Thursday, May 08, 2008

Personality dominance: reflection in brain imaging and spatial attention

Here are two different takes, from the Journals Neuron and Psychological Science on correlates of human dominance hierarchies:
In the Neuron article, Zink et al. monitor the brain activity patters of gamers that form in response to status cues. They set artificial hierarchies by assigning 72 volunteers a skill rank in a computer game that flagged onscreen opponents as superior or inferior players. But the opponents were really computers, and the games and ranks were rigged so that status was only perceived. One finding was that brain regions associated with emotion or pain become busier when gamers are losing to inferior opponents. From their abstract:
....In both stable and unstable social hierarchies, viewing a superior individual differentially engaged perceptual-attentional, saliency, and cognitive systems, notably dorsolateral prefrontal cortex. In the unstable hierarchy setting, additional regions related to emotional processing (amygdala), social cognition (medial prefrontal cortex), and behavioral readiness were recruited...social hierarchical consequences of performance were neurally dissociable and of comparable salience to monetary reward, providing a neural basis for the high motivational value of status...results identify neural mechanisms that may mediate the enormous influence of social status on human behavior and health.
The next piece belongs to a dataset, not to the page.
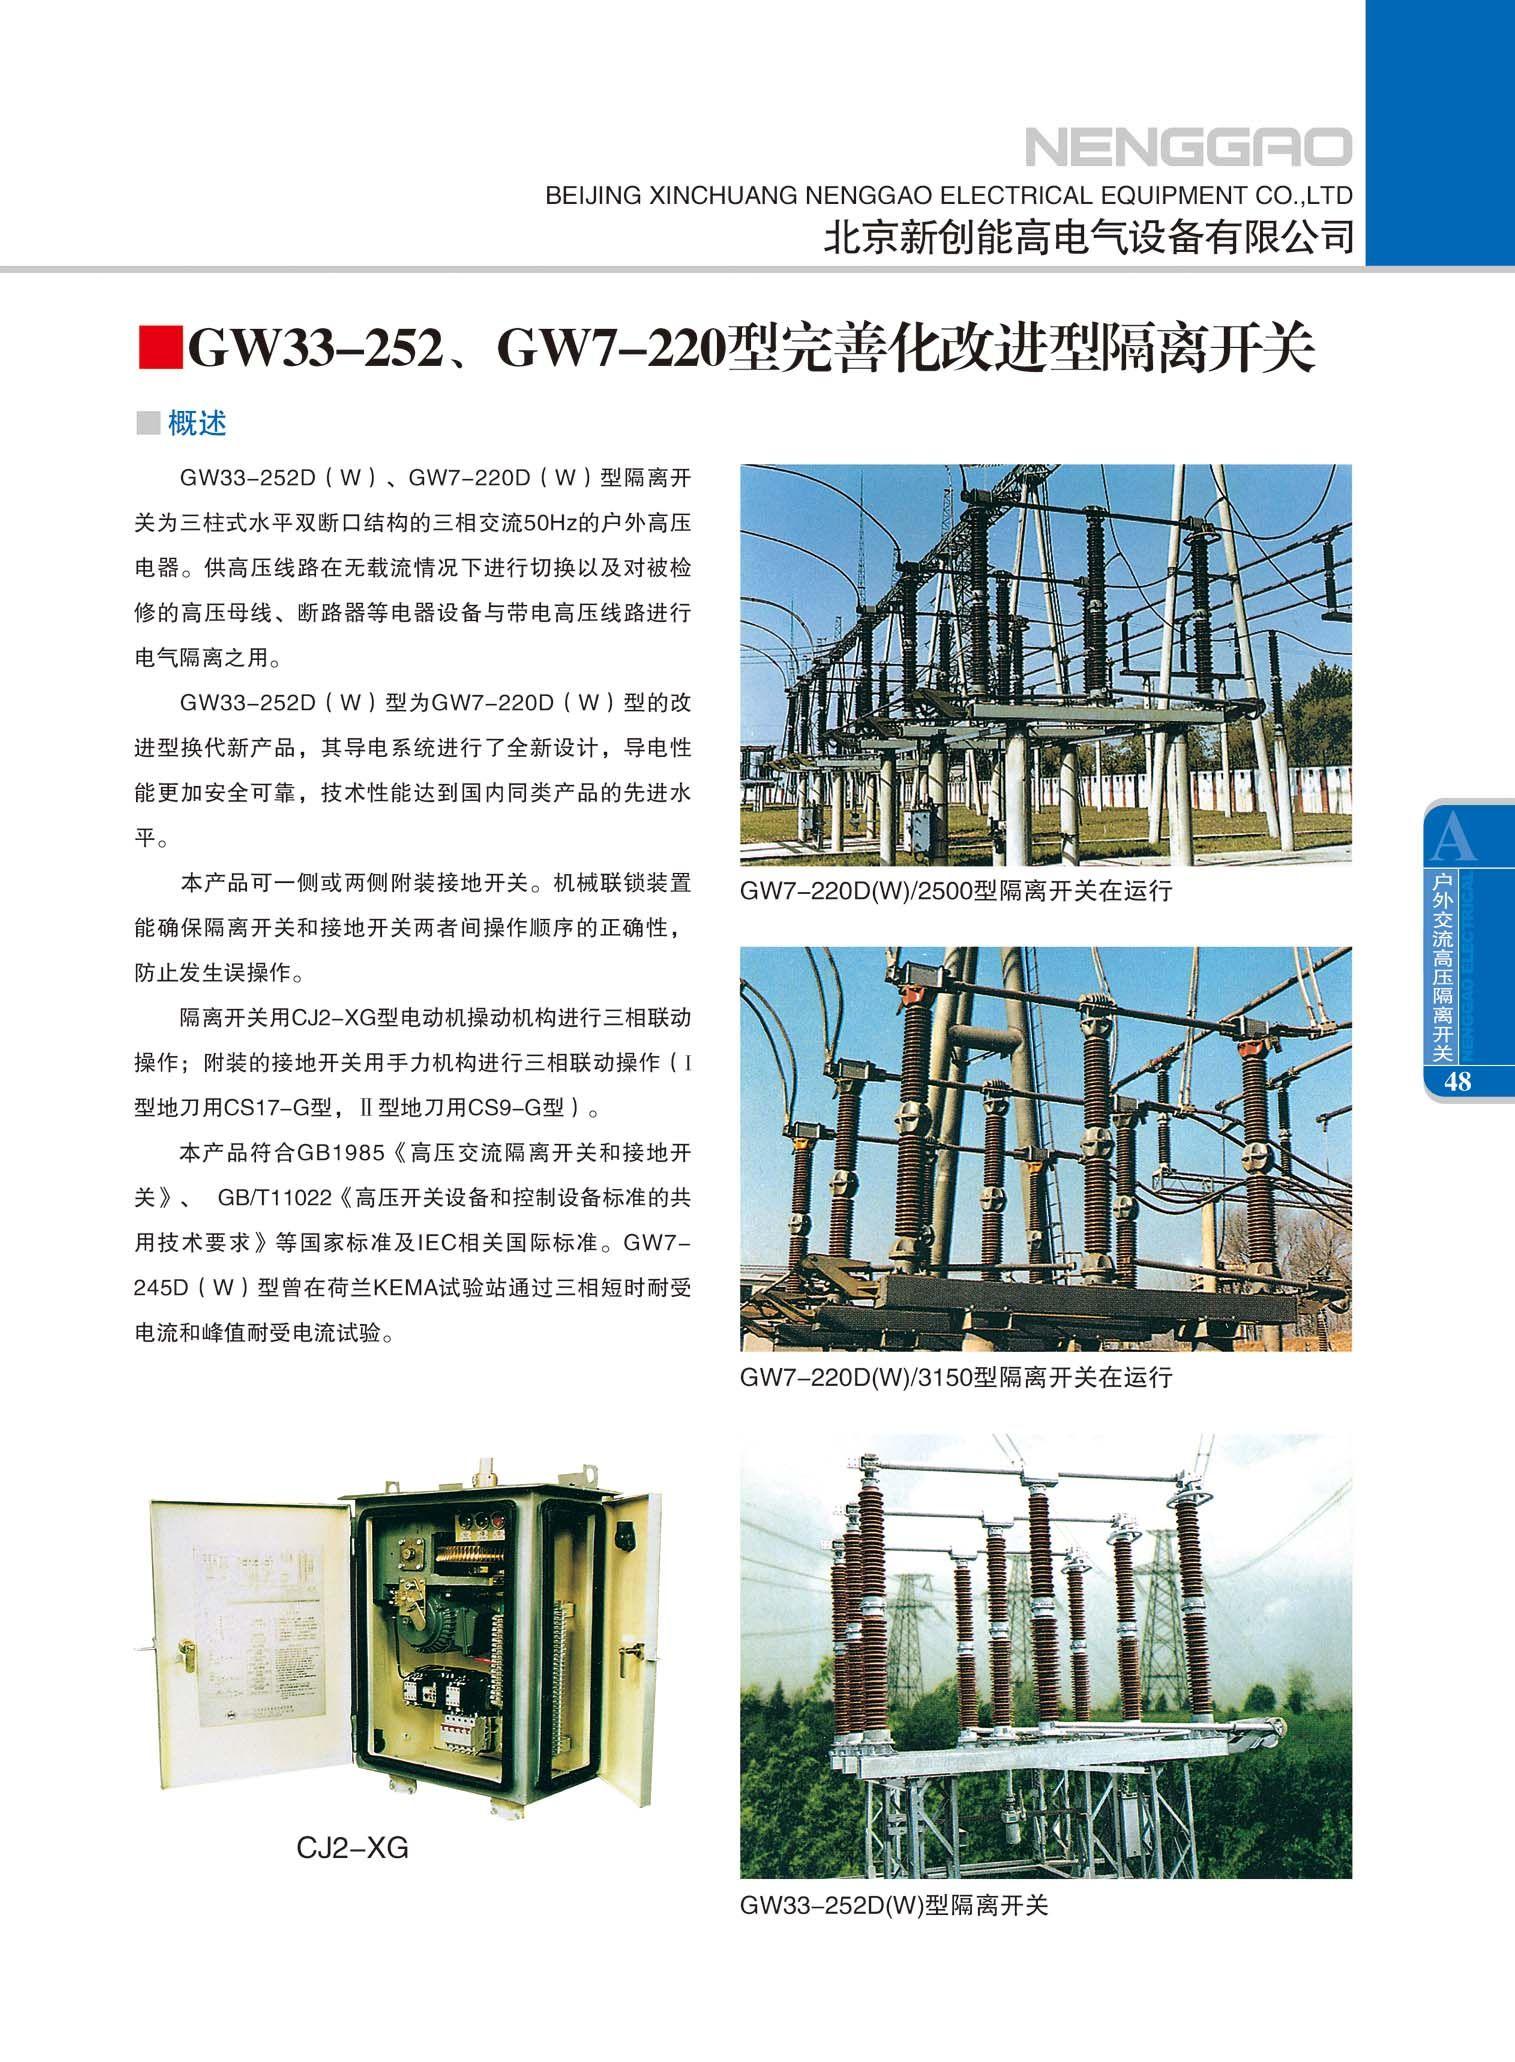 GW33A-252、GW7-220完善化改进型隔离开关
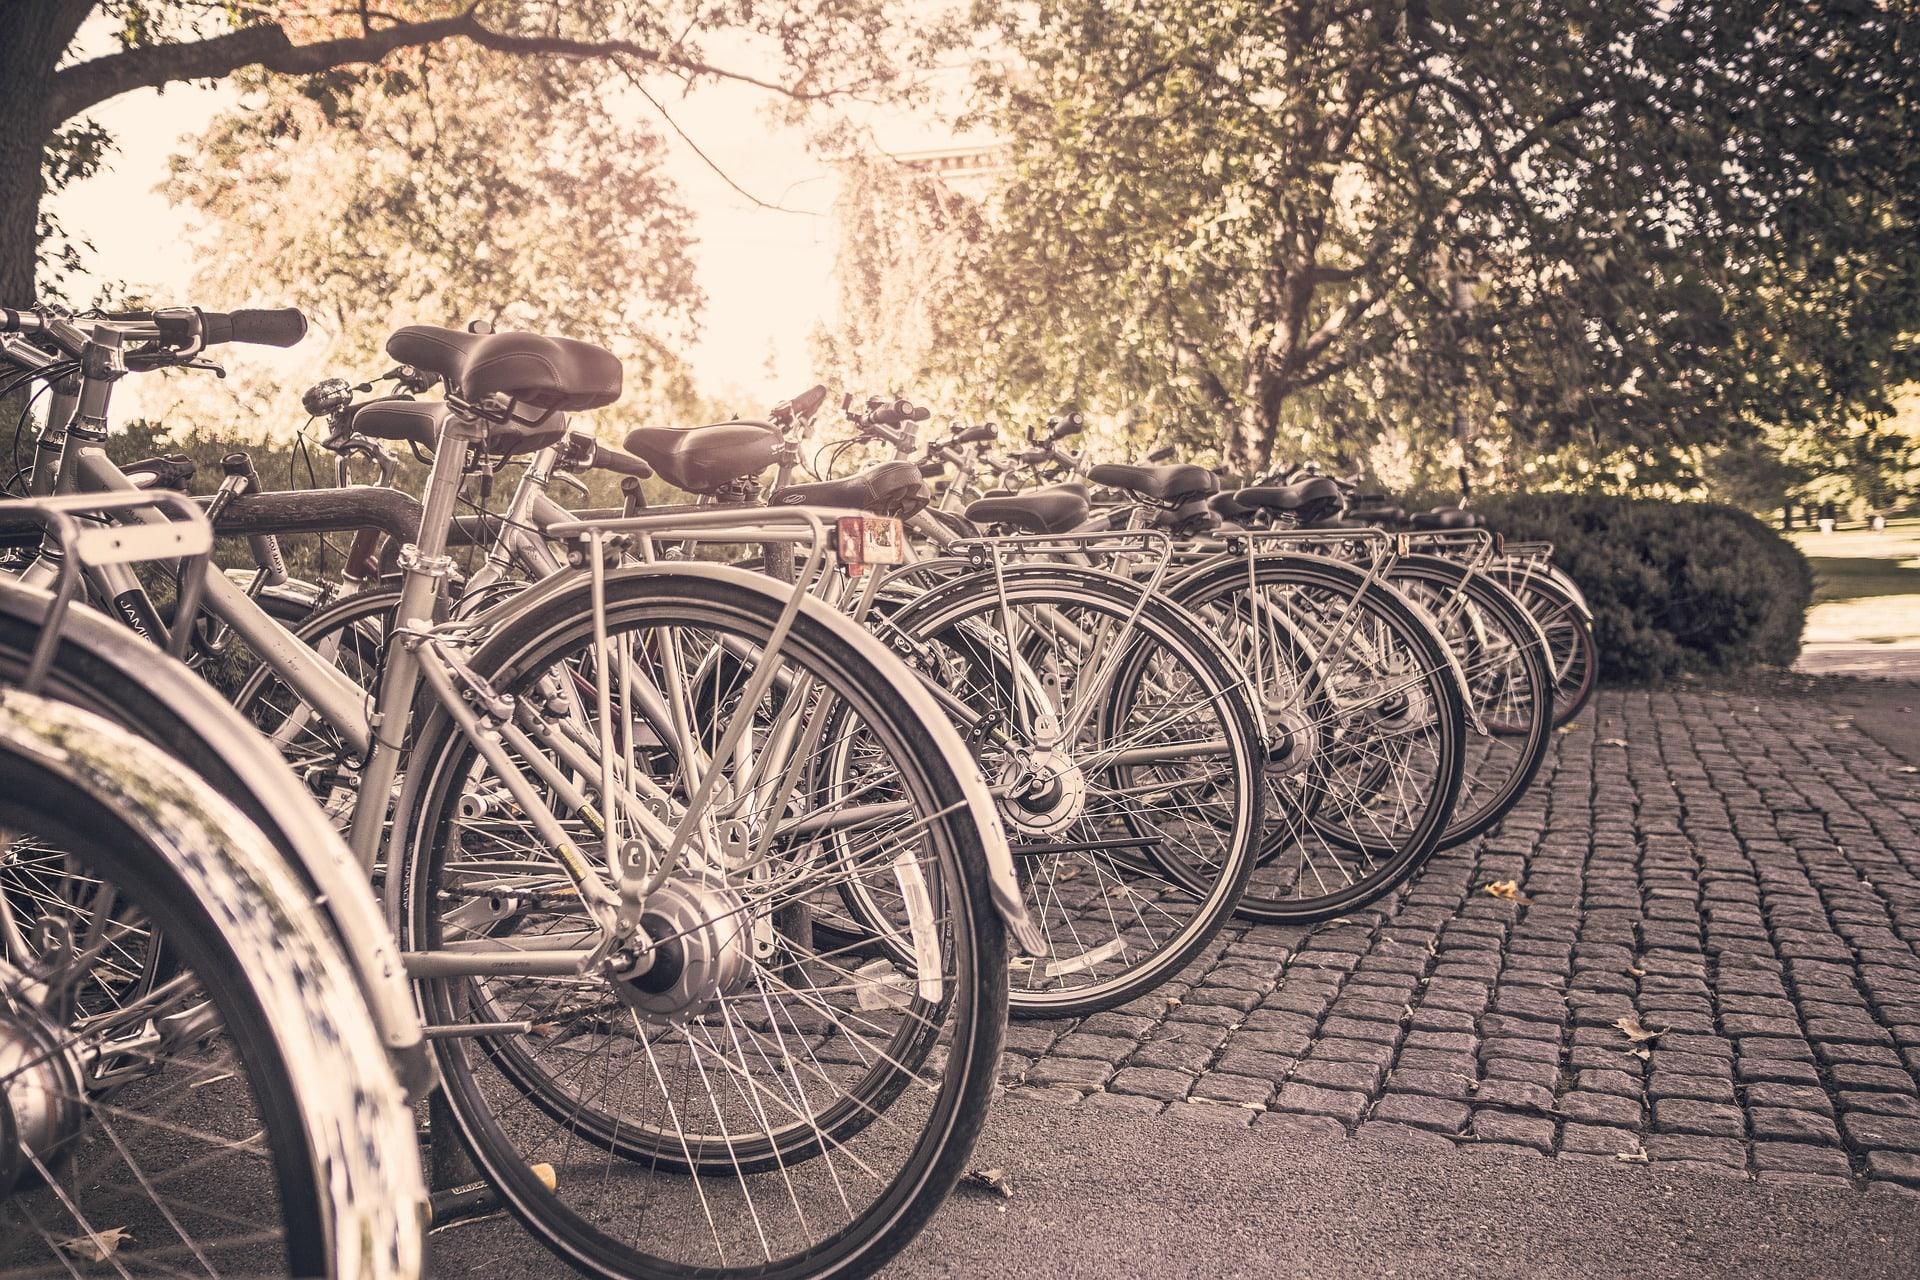 bikes-2631487_1920-min

The article in Psychological Science deals with our tendency to represent dominance in vertical terms. This tendency is apparent in linguistic metaphor, anthropological data, sociological data, and scientific theories of personality dominance. The ubiquity of such mappings is consistent with the central postulate of the metaphor-representation perspective: that people must draw from the perceptual domain, as reflected in common metaphors, when attempting to represent abstract concepts such as dominance or power. Moeller et al. examine whether dominant personality correlates with performance on vertical versus horizontal discriminations.
Previous research has shown that dominant individuals frequently think in terms of dominance hierarchies, which typically invoke vertical metaphor (e.g., "upper" vs. "lower" class). Accordingly, we predicted that in spatial attention paradigms, such individuals would systematically favor the vertical dimension of space more than individuals low in dominance. This prediction was supported by two studies (total N = 96), which provided three tests involving two different spatial attention paradigms. In all cases, analyses controlling for speed of response to horizontal spatial probes revealed that more dominant individuals were faster than less dominant individuals to respond to probes along the vertical dimension of space. Such data support the metaphor-representation perspective, according to which people think in metaphoric terms, even in on-line processing tasks. These results have implications for understanding dominance and also indicate that conceptual metaphor is relevant to understanding the cognitive-processing basis of personality.

Wednesday, May 07, 2008

Our brains can choose our actions 10 sec before awareness

Here is an elegant update from Soon et al. of the continuing story that started with Libet's original observation that supplementary motor area (SMA) becomes active before our subjective sense of consciously willing an action. This work ignited a a long controversy as to whether subjectively 'free' decisions are determined by brain activity ahead of time. These new results go substantially further than those of previous studies by showing that the earliest predictive information is encoded in specific regions of frontopolar and parietal cortex, up to 10 seconds before it enters awareness (and not in SMA), presumably reflecting the operation of a network of high-level control areas that begin to prepare an upcoming decision. This preparatory time period in high-level control regions is considerably longer than that reported previously for motor-related brain regions.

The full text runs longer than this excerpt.